One day in 2014, according to urban mythology, director Sam Mendes took his young son to the set of Spectre. They happened to be filming a scene between James Bond and the weapons boffin known as ‘Q’. After the third take, Mendes felt a tug on his hand and looked down to see his son gazing up at him in wide-eyed wonder. ‘Daddy!’ whispered young Mendes, ‘Q is Paddington!’


Ben Wishaw, the actor who plays Q, had just done the voice of the bear from darkest Peru in the movie Paddington. So the confusion was understandable. 

I was wondering if I would have a similar disconnect last Sunday afternoon at a London’s newest theatre when I went to see Shakespeare’s Julius Caesar. The actor Ben Wishaw was playing the part of Brutus in a new version of the play directed by Sir Nicholas Hytner. 

I don’t usually go to the theatre because I’m always aware that I’m watching actors playing a role. As a result I rarely get caught up in the story, especially when people get killed (I can see him breathing!) or kiss each other (I wonder if she had garlic for lunch?) For some reason this doesn’t bother me in a movie, perhaps because I know nothing can go wrong. But it can on stage. Those are real people standing down there. 


Also, sometimes I get sleepy and tend to doze off right where the actors can see me.

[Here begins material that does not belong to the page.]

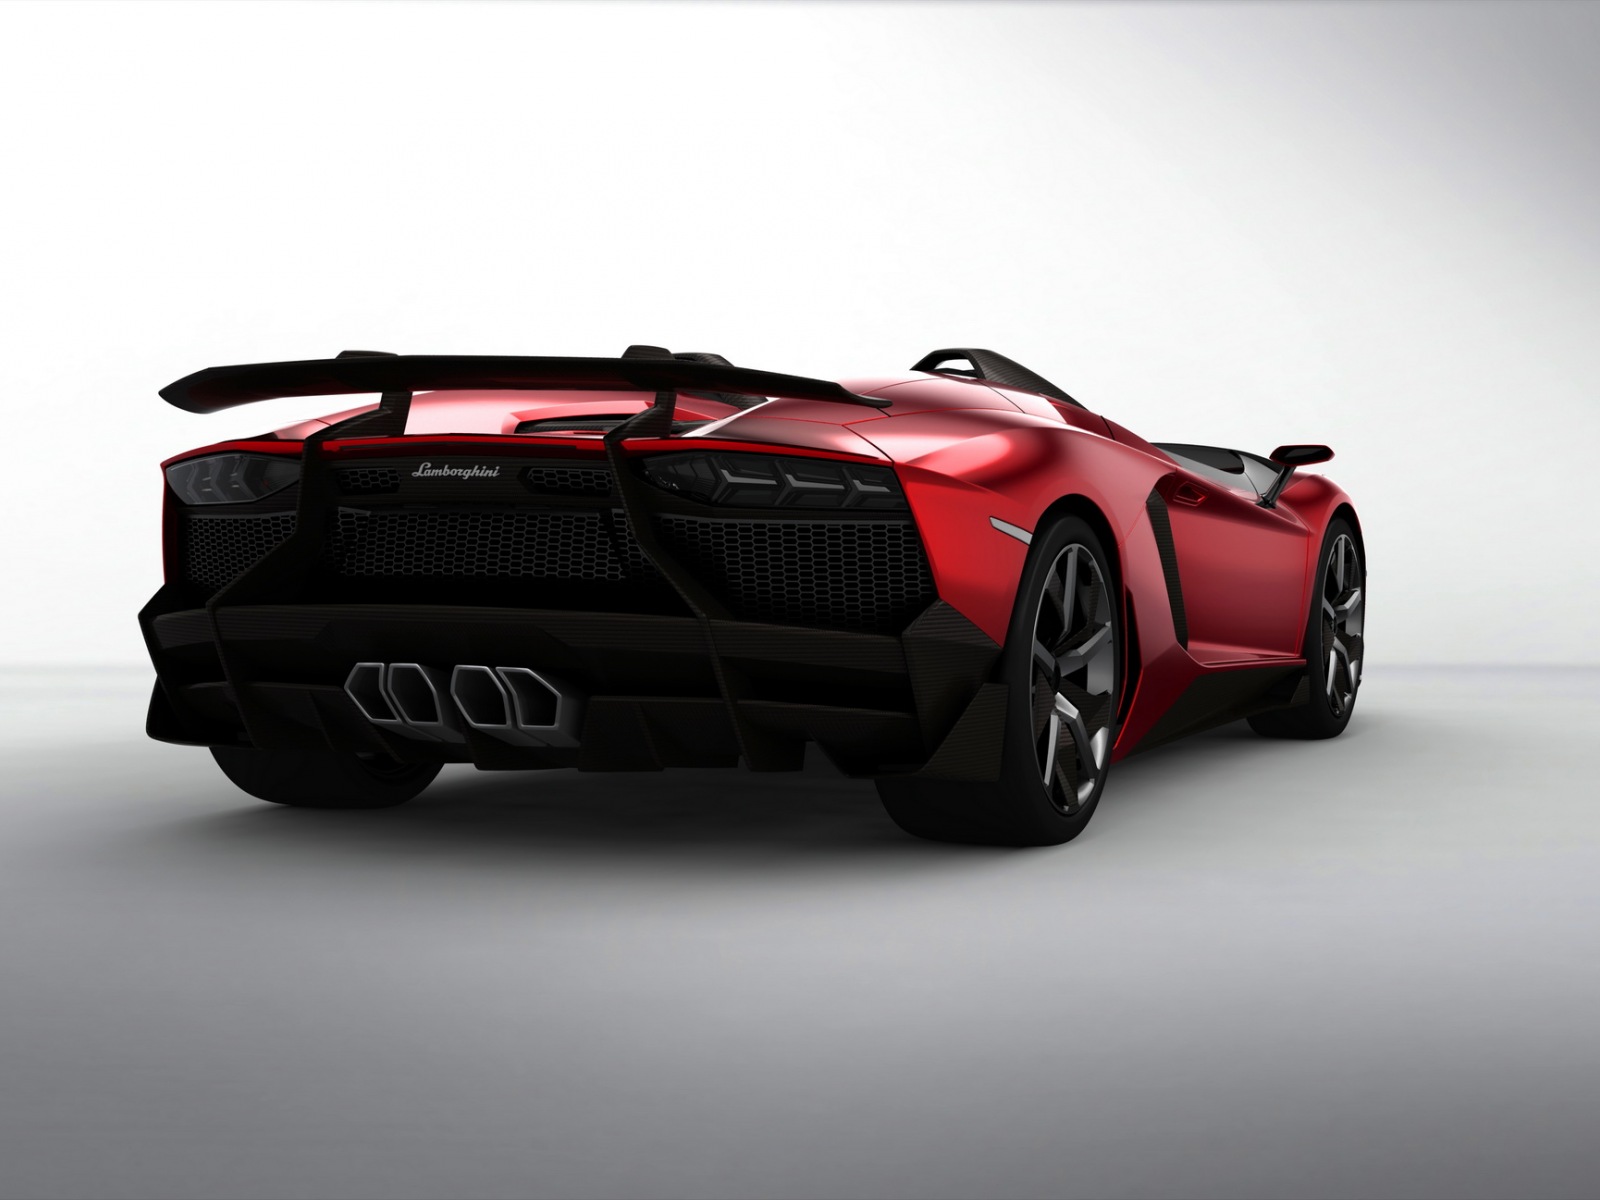 Lamborghini Aventador J photos and wallpapers   tuningnewsnet

Also, sometimes I can’t always see or hear the actors properly. Last year I walked out of Robert Icke’s celebrated Hamlet in the interval because I could only see the middle third of the stage at the Harold Pinter Theatre and I couldn’t hear the actors at all. 

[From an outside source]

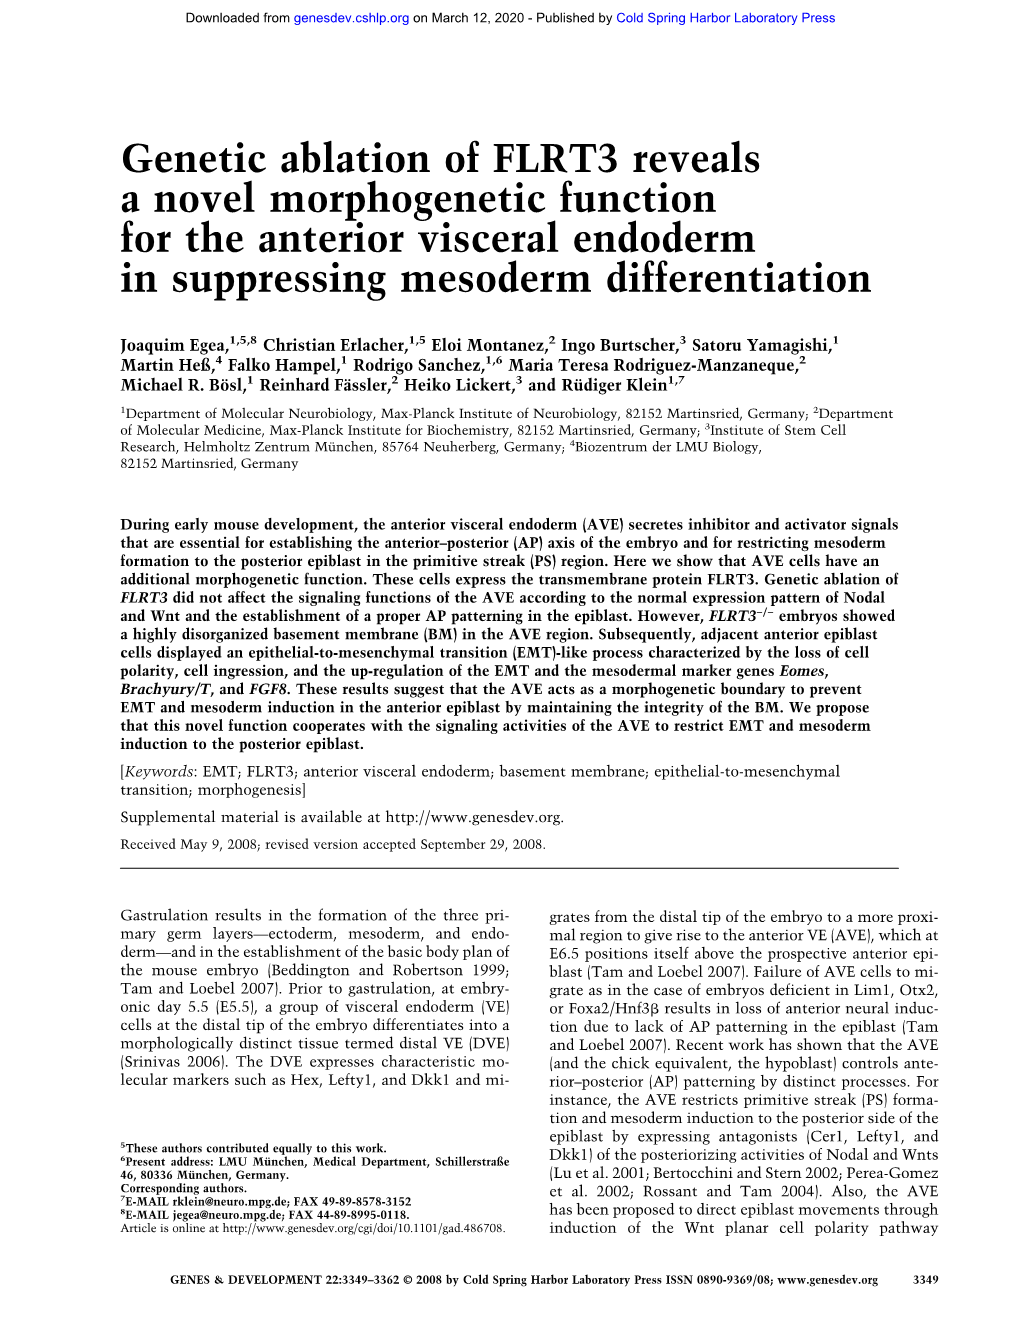 Genetic Ablation of FLRT3 Reveals a Novel Morphogenetic Function for the Anterior Visceral Endoderm in Suppressing Mesoderm Differentiation

So when my Shakespeare-loving friend Aidan Elliott told me about a new production of Julius Caesar where audience members who stand in the pit became part of the Roman mob with the actors moving among them, my interest was sparked. 




‘Sometimes they even jostle you’, said Aidan. ‘In a gentle way.’ 

‘Good,’ I said. ‘I like being gently jostled.’ 

And I booked my ticket online

The Bridge Theatre by Tower Bridge is London’s newest theatre. It is state of the art. It can do anything. Everybody can see. Everybody can hear. 


As soon as I went into the pit I was engaged. They had cleverly set it up like a political rally with a warm-up band to play music and stagehands dressed as merchandise-sellers flogging Julius Caesar baseball hats and T-shirts. The band started playing as people continued to file in and they soon got us clapping and shouting for Caesar. It wasn’t until Mark Antony in a tracksuit gently jostled me aside (yay!) that I knew the play had started. 

The next two hours sped by, scene changes marked by Caesars bodyguards moving the crowd back and forth so that platforms in the floor could rise and fall. I felt a sense of camaraderie with the other audience members nearby. It was fun. I was happy to be part of the mob because I wasnt just watching the play; I was part of it. 


‘It’s a surprise both pleasant and alarming,’ said director Sir Nicholas Hytner in a recent interview on Front Row, ‘how easy it turns out to be to move, manipulate, corral four hundred people who’ve come to watch a play. We have been able to suck them in to a much greater degree than I thought we would be able to… It seems to me to be a great way to do Shakespeare.’ 

Because the actors are (literally) within spitting distance you can’t space out. You have to concentrate. And that means you really hear Shakespeare’s great lines, especially in this production where each word is pronounced clearly and with meaning. 


Although I never forgot I was watching actors playing their parts, that was part of the appeal. That’s David Morrissey from The Walking Dead and Britannia playing Mark Anthony! There’s a kind of palimpsest where the actor’s celebrity overlays the part he’s playing. But you’re a palimpsest, too, playing at being a member of the mob. You are collaborating with them. 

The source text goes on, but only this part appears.